4 portraits de femmes qui contribuent activement aux avancées pour la décarbonation de l’industrie

À l’occasion de la Journée internationale des femmes et des filles de science, le 11 février, nous mettons à l’honneur quatre femmes membres du PEPR SPLEEN.

Sibylle Duval‑Dachary est ingénieure chercheuse à IFP Energies nouvelles et co-pilote de l’Axe 1 du PEPR SPLEEN. Elle développe de nouveaux outils de prédiction et de pilotage en temps réel des procédés industriels, fondés sur l’analyse de données et l’Acte de Cycle de Vie.

Son objectif : réduire l’empreinte carbone des procédés industriels en agissant directement sur leur performance énergétique. Diplômée de l’École des Mines de Nancy, elle met à profit plusieurs années d’expérience dans l’évaluation environnementale des biocarburants et des technologies hydrogène.

Silvia Lasala est maîtresse de conférences et chercheuse au Laboratoire Réactions et Génie des Procédés (LRGP) de l’Université de Lorraine.

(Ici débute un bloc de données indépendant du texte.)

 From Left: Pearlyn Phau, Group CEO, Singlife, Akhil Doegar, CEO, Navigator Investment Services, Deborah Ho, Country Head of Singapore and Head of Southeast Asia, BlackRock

Ingénieure et docteure en énergétique du Politecnico di Milano, elle se consacre aujourd’hui à la conception d’une nouvelle génération de pompes à chaleur et de centrales électriques plus durables.

En tant que responsable scientifique du projet REHEAT (Axe 2 du PEPR SPLEEN), elle ouvre la voie à des solutions de récupération et de valorisation de la chaleur industrielle jusqu’à 200 °C, contribuant ainsi à la décarbonation du secteur.

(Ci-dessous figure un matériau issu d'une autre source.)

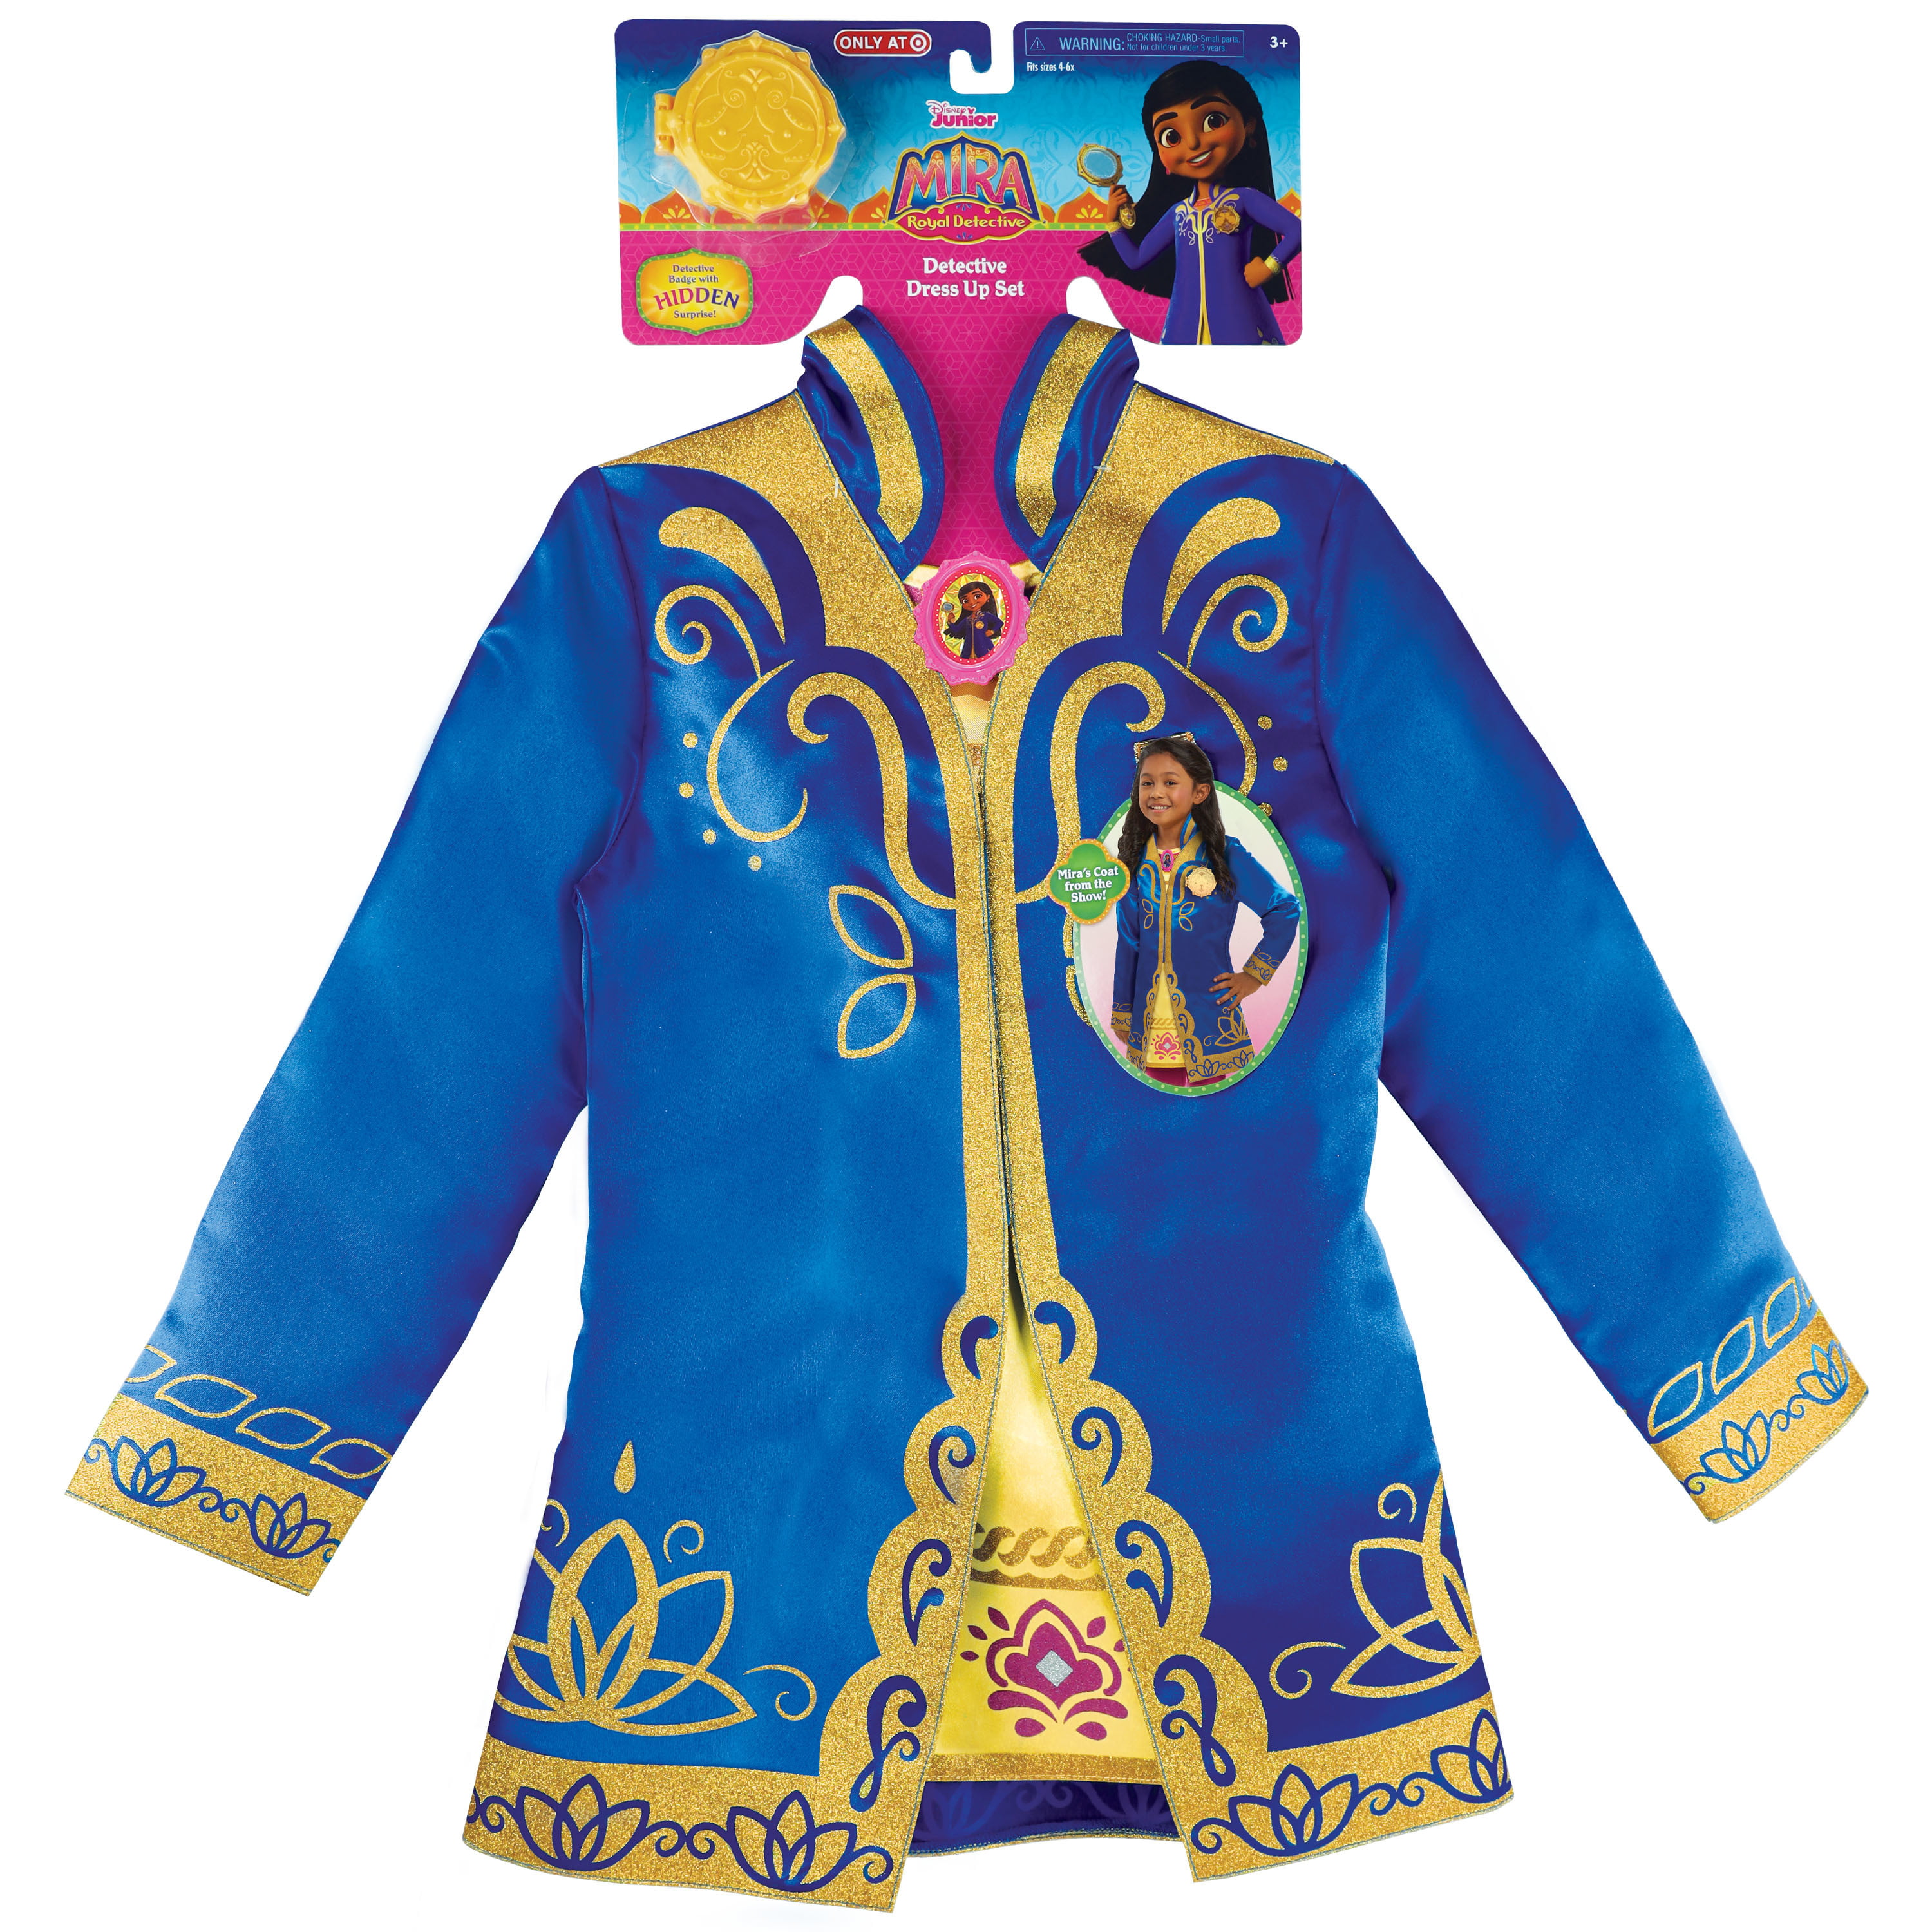 Disney Junior Mira, Royal Detective Mira Detective Dress Up Set, Size 4-6X,  Kids Pretend Play Costume, By Just Play

Armelle Cessou est chercheuse au CORIA, une Unité Mixte de Recherche (UMR) rattachée à l’Institut CNRS Ingénierie du CNRS, l’université de Rouen Normandie et l’INSA Normandie. Elle pilote le projet OXY‑3C (Axe 3 du PEPR SPLEEN), dédié à la production de chaleur à haute température pour l’industrie.

Elle explore les technologies d’oxycombustion, flammes et combustion en boucle chimique (CLC) pour capturer directement le CO₂ à la source, en intégrant l’utilisation de biocombustibles.

Son ambition : développer des procédés sobres, efficaces et compatibles avec des émissions négatives. À travers son travail, elle fédère une communauté d’experts autour de solutions concrètes pour une industrie plus propre.

Alix Duval est doctorante en géographie et aménagement du territoire à l’Université de Pau et des Pays de l’Adour. Elle a obtenu un Master 2 en Politiques publiques, parcours Politiques urbaines et gouvernance des territoires, à l’Université Paris‑Dauphine – PSL.

Ses recherches, menées dans le cadre du projet SESAME, portent sur les recompositions territoriales liées aux trajectoires de décarbonation et sur la manière dont les acteurs locaux s’approprient les instruments d’action publique. Elle s’intéresse tout particulièrement aux tensions et controverses que peuvent susciter les projets de captage et de stockage du carbone (CCS), au cœur des débats sur la transition écologique.